Given information
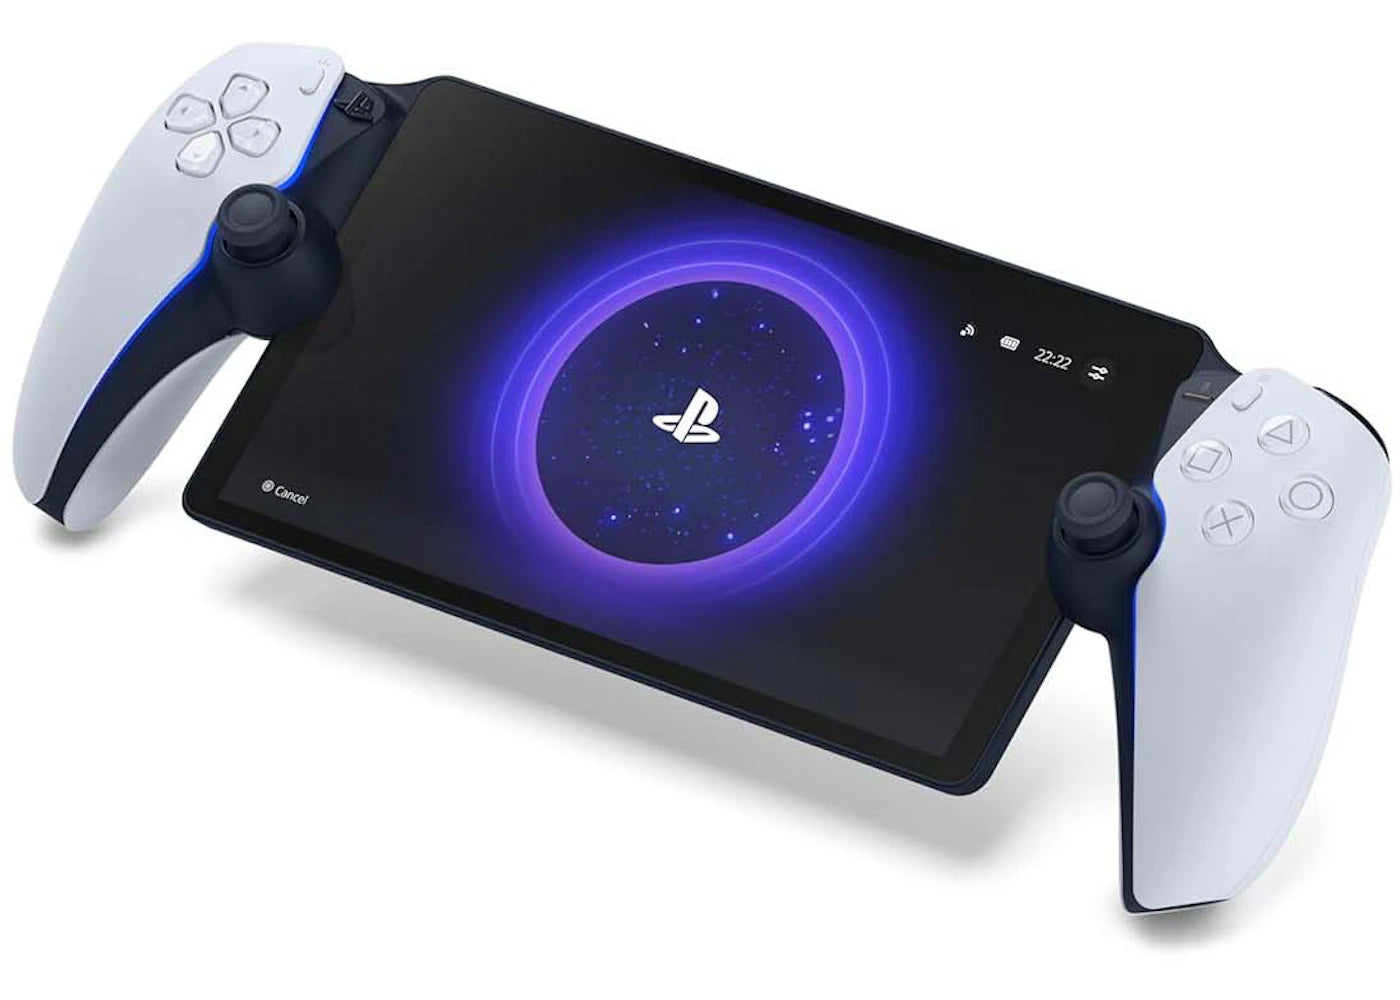 The Game Awards on X: The PS5 Portal - Remote Player device will launch  November 15.  / X
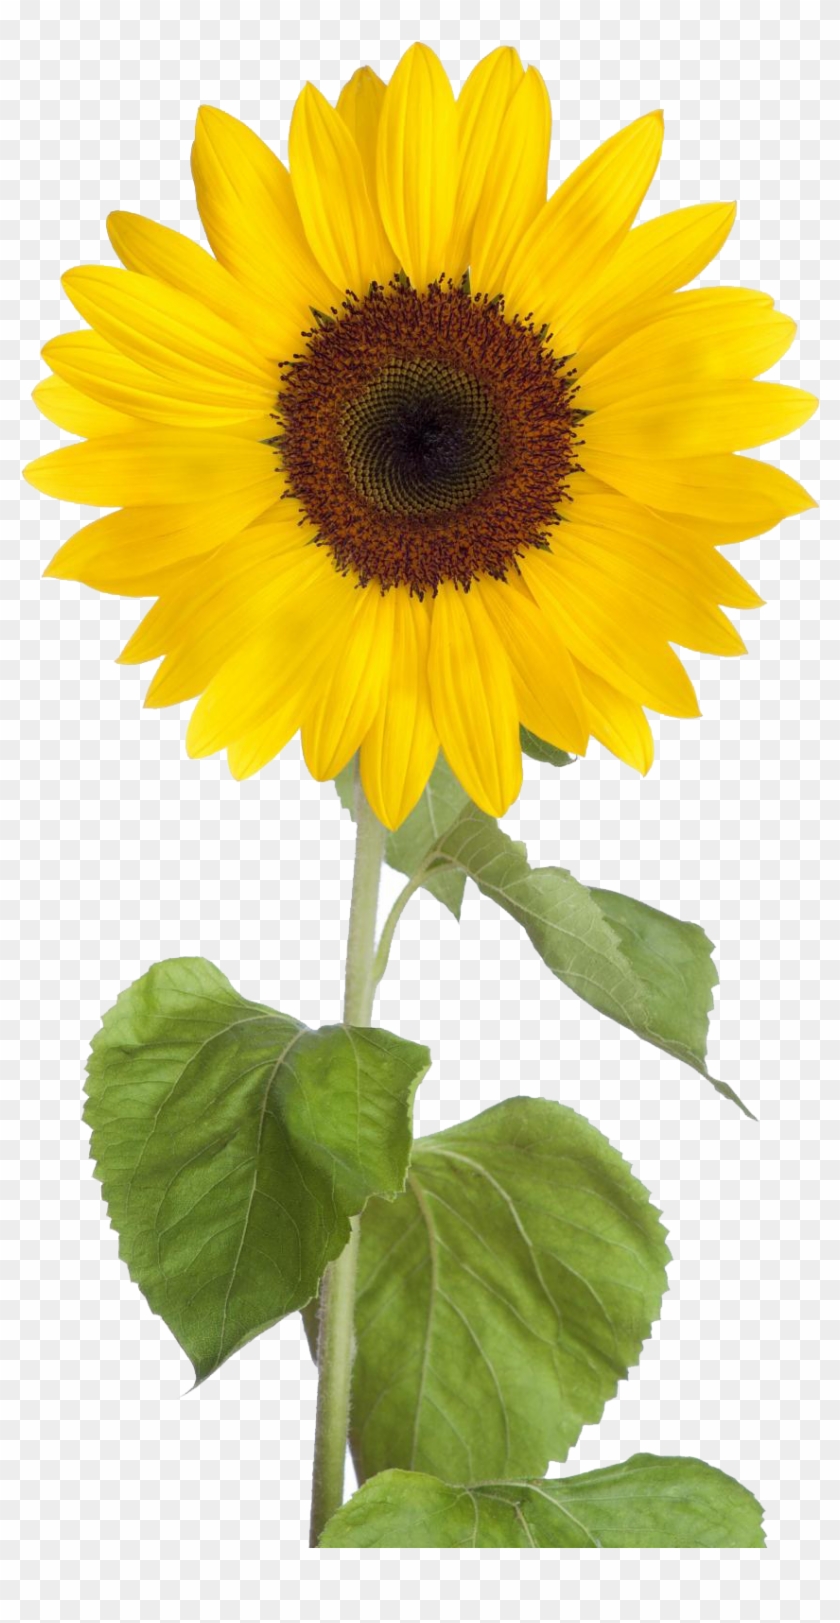 Download Sunflower clipart real pictures on Cliparts Pub 2020!
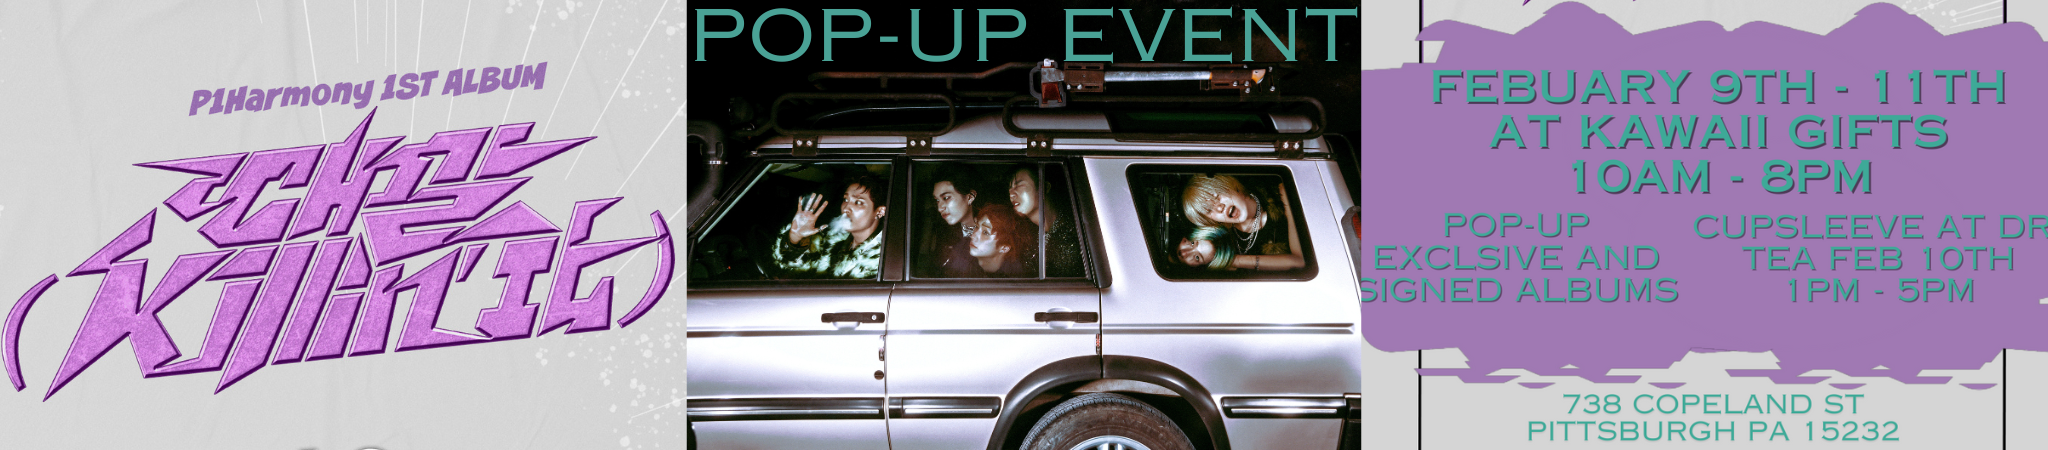 POp-Up_Event.png
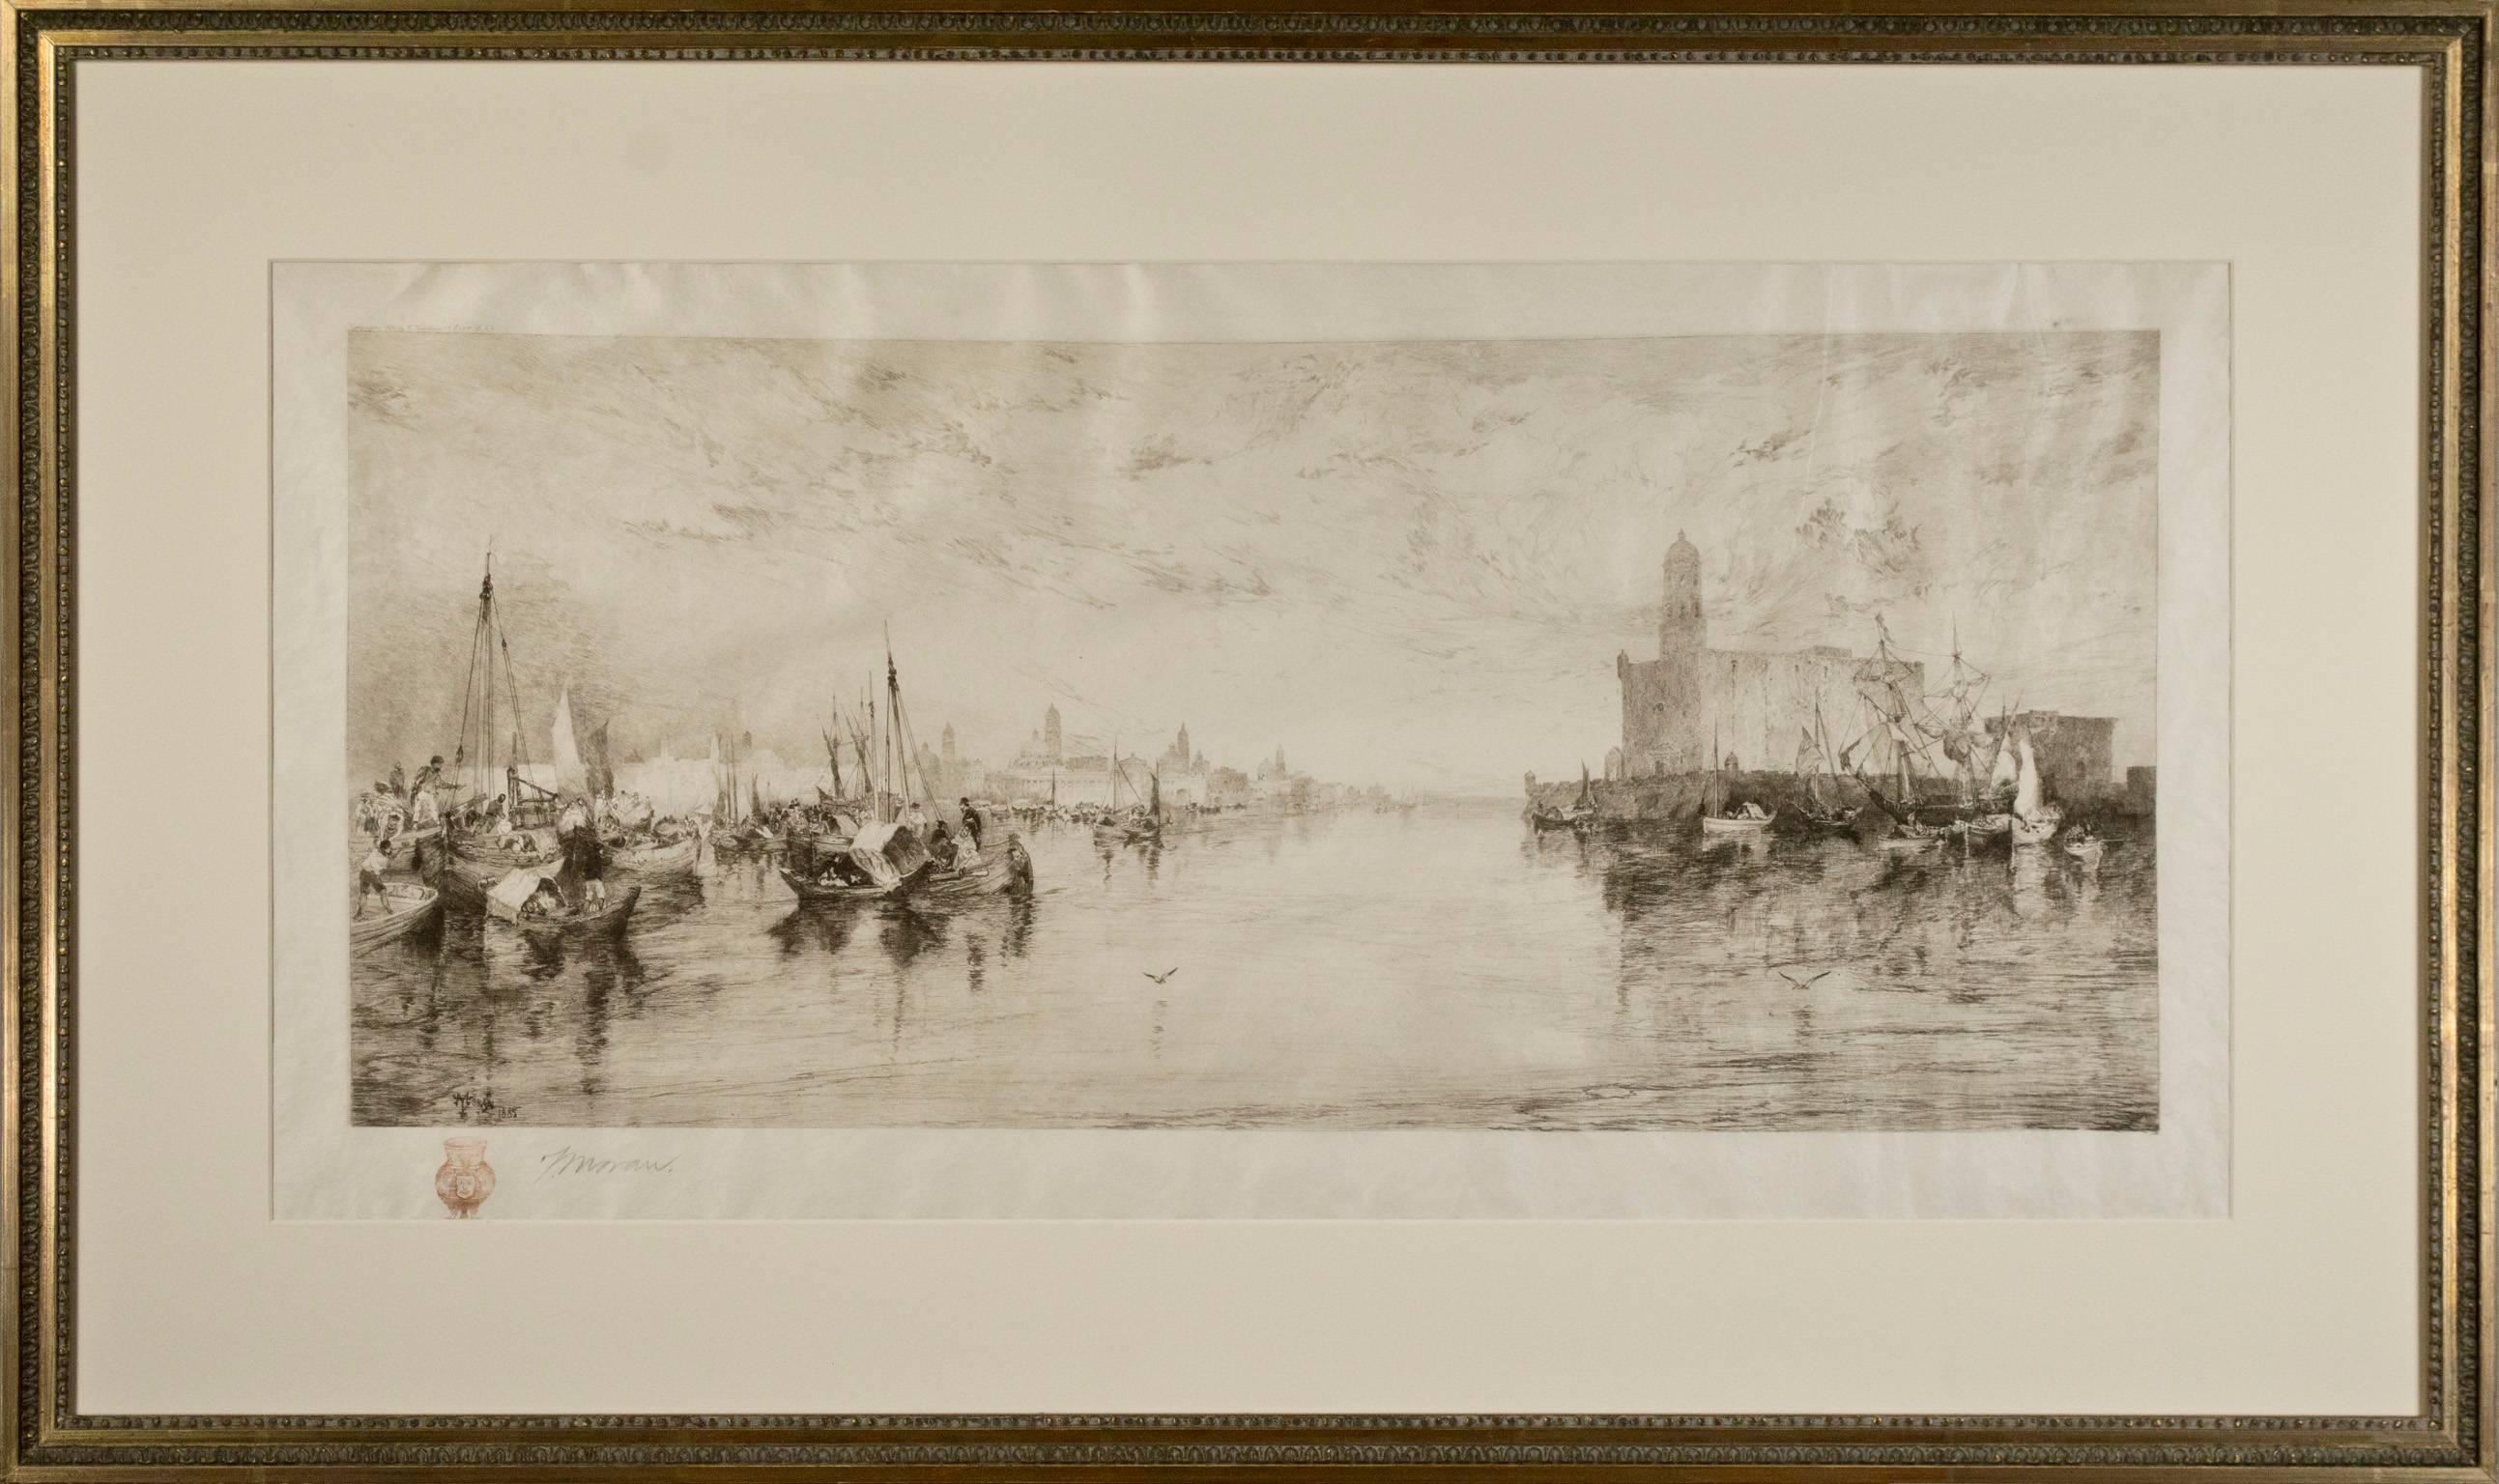 This black and white etching by American painter and print maker of the Hudson River School in New York: Thomas Moran, is a rare Klackner #53 of the catalogue raisonné, depicting

What to work on
Except for the pictures, write the data out exactly.

Solution to the problem
 The Game Awards on X: The PS5 Portal - Remote Player device will launch  November 15.  / X
 Download Sunflower clipart real pictures on Cliparts Pub 2020!
 POp-Up_Event.png
 This black and white etching by American painter and print maker of the Hudson River School in New York: Thomas Moran, is a rare Klackner #53 of the catalogue raisonné, depicting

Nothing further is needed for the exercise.